- Born: July 6, 1894 Alleyton, Texas, United States
- Origin: Dallas-Fort Worth, Texas, United States
- Died: June 1, 1964 (aged 69)
- Genres: Western swing String band
- Occupations: Singer Songwriter Musician Bandleader
- Instruments: Vocals Fiddle Guitar Banjo
- Label: Vocalion Records Bluebird Records Okeh Records
- Website: www.shellyleealley.com

= Shelly Lee Alley =

American singer-songwriter

Shelly Lee Alley (July 6, 1894 – June 1, 1964) was an American singer, musician, songwriter and western swing bandleader. As a songwriter, Alley wrote "Travelin' Blues" for Jimmie Rodgers, a song which has been recorded by over 20 artists, including Merle Haggard and Ernest Tubb. He is a member of the Western Swing Hall of Fame. He is considered one of Texas' best bandleaders of the 1930s and 1940s and a pioneer of western swing music.

==Early life==

Shelly Lee Alley was born in 1894 in Alleyton, Texas. His parents were Eliza Hoover Alley and John Ross Alley. John Ross operated a cotton gin. He had a brother named Alvin. Alley began reading music when he was a child.

==Career==

During World War I, Alley was the bandleader for a military orchestra in San Antonio, Texas. In the 1920s, he moved the Dallas-Fort Worth area and led pop and jazz dance and radio orchestras. He regularly appeared on KRLD with his bands.

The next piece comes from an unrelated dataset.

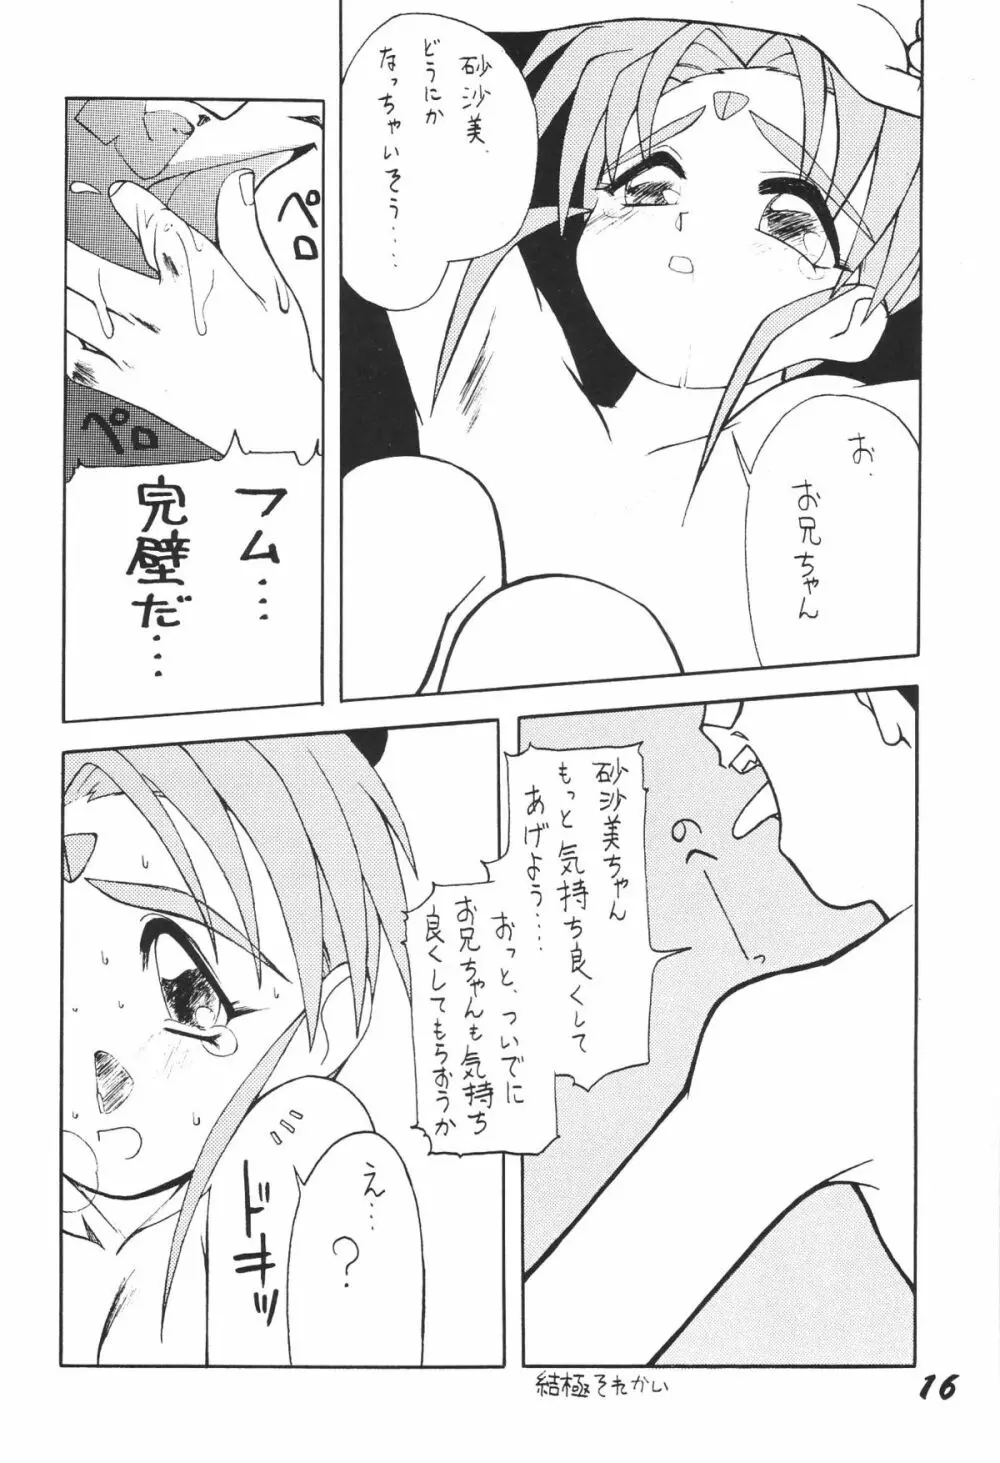 無用野郎Aチーム3.5 白花繚乱 15ページ

While working in the Dallas-Fort Worth area, Alley met Jimmie Rodgers. Alley wrote "Gambling Barroom Blues" and "Traveling Blues" in 1931 for Rodgers. Alley recorded the latter song with Rodgers, playing fiddle alongside his brother, Alvin, on the recording. After the experience, Alley left swing music to focus on string band music. As of 1933, he had become the first leader of the Swift Jewel Cowboys. The band performed on XEPN. During this time, Alley gained interest in western swing music, a genre which merged his love for swing music and country. In 1936, he started the Alley Cats, who recorded songs for Vocalion Records, Bluebird Records and Okeh Records. Cliff Bruner, Leon Selph, Floyd Tillman and Ted Daffan were in the band.

The Alley Cats broke up during World War II. Alley performed with Patsy and the Buckaroos, a Beaumont, Texas based band. The band broke up in 1946. That same year, he retired from performing live, citing health problems as the reason. He continued to write music, writing "Broken Dreams" for Moon Mulligan and "Why Are You Blue?" for Biff Collie and Little Marge. In 1955, Alley released a single on Jet. He recorded also with Bennie Hess.

==Legacy==

In 1994, Alley was inducted into the Western Swing Hall of Fame.